Re: Reducing the memory usage of Spreadsheet::ParseExcel
by runrig (Abbot) on Jun 07, 2012 at 23:21 UTC
    And a Patch is now available for Spreadsheet::XLSX to do the same thing! (oops, ParseAbort not implemented yet as of this post. Update: Now it is!). Update2: Don't celebrate too much. Due to the method of reading the data, it actually still reads an entire worksheet into memory.

    Update: Bah, forget this...just hang on and wait for jmcnamara's Excel::Reader::XLSX.

Re: Reducing the memory usage of Spreadsheet::ParseExcel
by joeperl (Acolyte) on Feb 24, 2010 at 18:46 UTC

    hi john
    what about the sheet name? how to get it in your approach?

    regards,
    joe


      Once you have access to the $workbook object you can access the worksheet objects and then the sheet name.

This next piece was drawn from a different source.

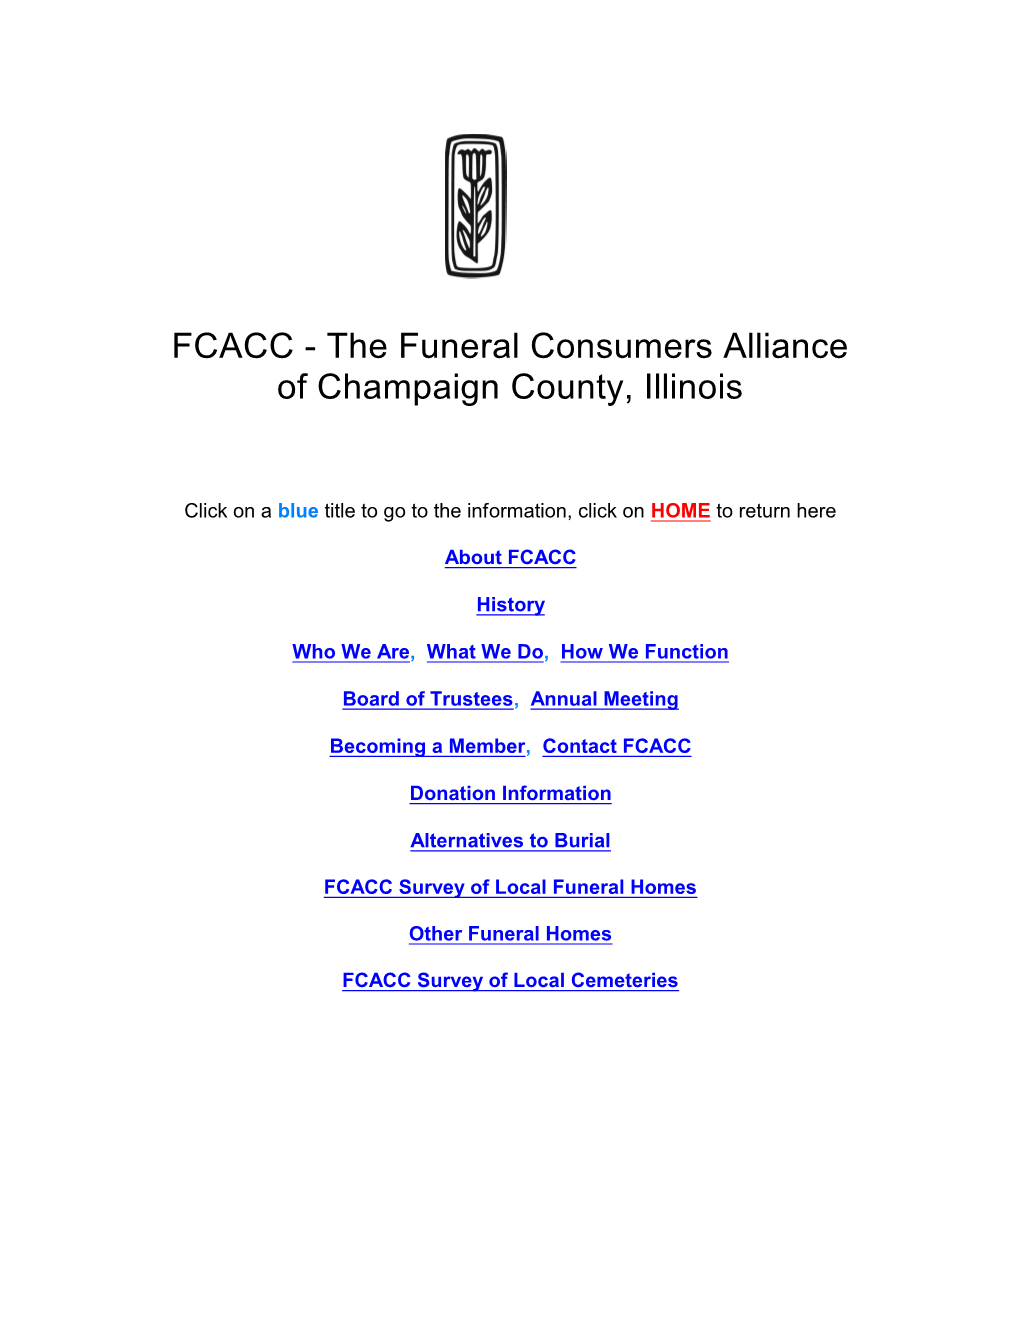 FCACC - the Funeral Consumers Alliance of Champaign County, Illinois

Something like this:
      sub cell_handler { my $workbook = $_[0]; my $sheet_index = $_[1]; my $row = $_[2]; my $col = $_[3]; my $cell = $_[4]; my $worksheet = $workbook->worksheet($sheet_index); my $sheetname = $worksheet->get_name(); print $sheetname, ": ", $cell->{_Value}, "\n"; }
      See the main Spreadshhet::PraseExcel documentation for more details on these methods.

      In a real world situation you would probably check to see if $sheet_index is the same as a stored previous value and print the sheet name if it isn't.

      One thing to look out for is that the callback will only get called for sheets that contain data. So the sheet name of an empty worksheet wouldn't be printed with the above scheme. If this is a use case that you are interested in then you could also handle it by examining the sheet indices.

      --
      John.

        Hi John,
        I did the same kind of thing before seeing your reply, except that i passed the $workbook,$sheet_index as a argument to another function where i found out the sheet name using the same logic..
        but your approach is the simplest and apt one i was looking for...
        guess i've a knack to complicate simple things.. :)

        Thanks a lot for educating me..

        Regards,
        joe

Re: Reducing the memory usage of Spreadsheet::ParseExcel
by joeperl (Acolyte) on Mar 07, 2010 at 11:33 UTC

    hi john,
    Here im again with another question.. :)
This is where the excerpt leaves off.